以上の問題意識をもって本書で提言している以下のメッセージは重く受け止める必要があるでしょう。
◆ 74歳までを「現役」と見る
◆ 建設から50年以上経つ道路、橋、トンネルなどの都市インフラを再整備する
◆ 生活者優先、ソフト重視の温かみある都市づくり
◆ 首都直下地震に備える対策
◆ 都市景観を重視した都市政策
◆ AI(人工知能)活用によるサービスの拡充
◆ 都心区でもコンパクトシティ
◆ 定年延長と働き方改革
◆ 歩道橋ゼロ社会の実現
◆ 廃校・廃施設の再利用
◆ 西多摩のリゾート化
さらに本書の最後では、「東京特別州」構想が紹介されています。
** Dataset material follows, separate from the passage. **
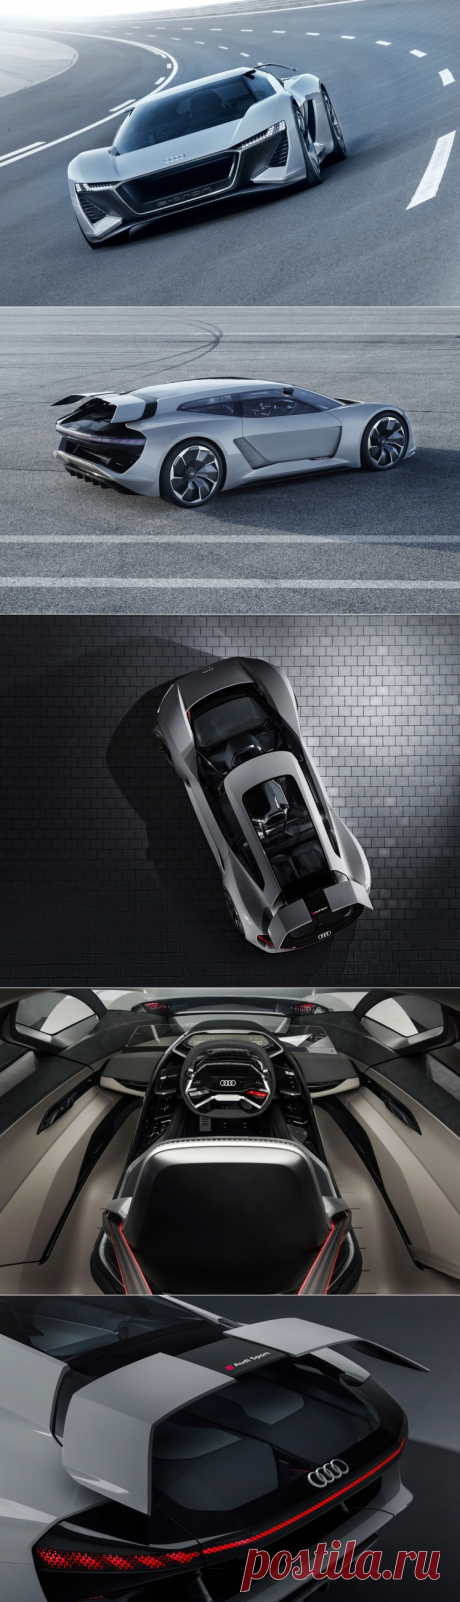 Audi PB18 e-tron – высокопроизводительный концептуальный спорткар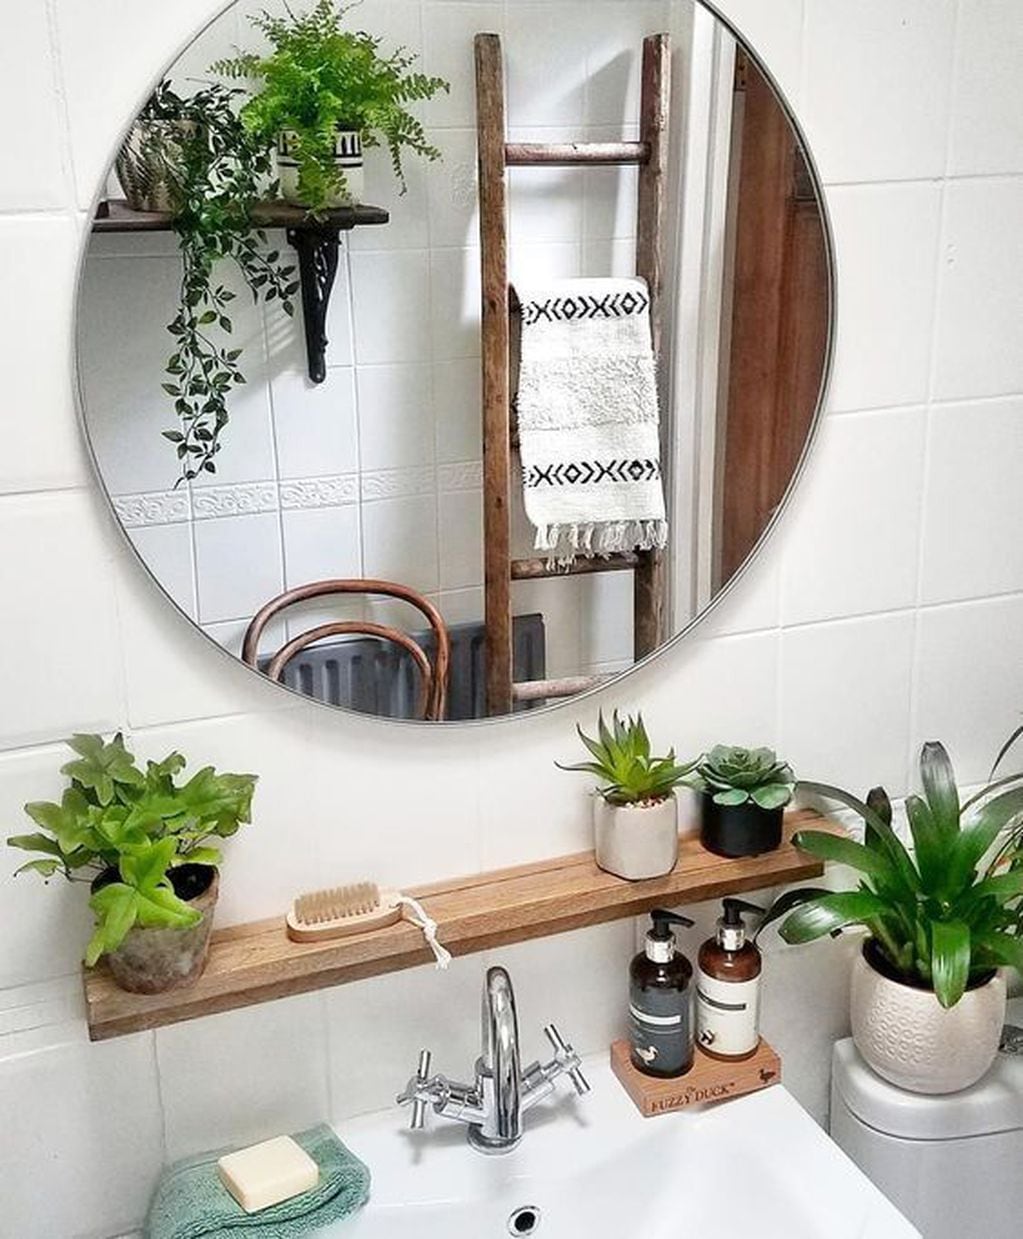 Elementos decorativos para transformar tu baño: macetas con plantas

主要国で大都市制度がないのは日本だけだ、と著者は指摘していて、全国的な「州制度改革」へ向けてイメージを持つことが重要、ということです。
この本では、国鉄改革の例を挙げて、慢性赤字の国鉄を思い切って「7つの民間会社」に分割して再生した手法を参考にすべきだ、としています。
あなたも本書を読んで、「老いる東京」の問題を改めて考えてみませんか。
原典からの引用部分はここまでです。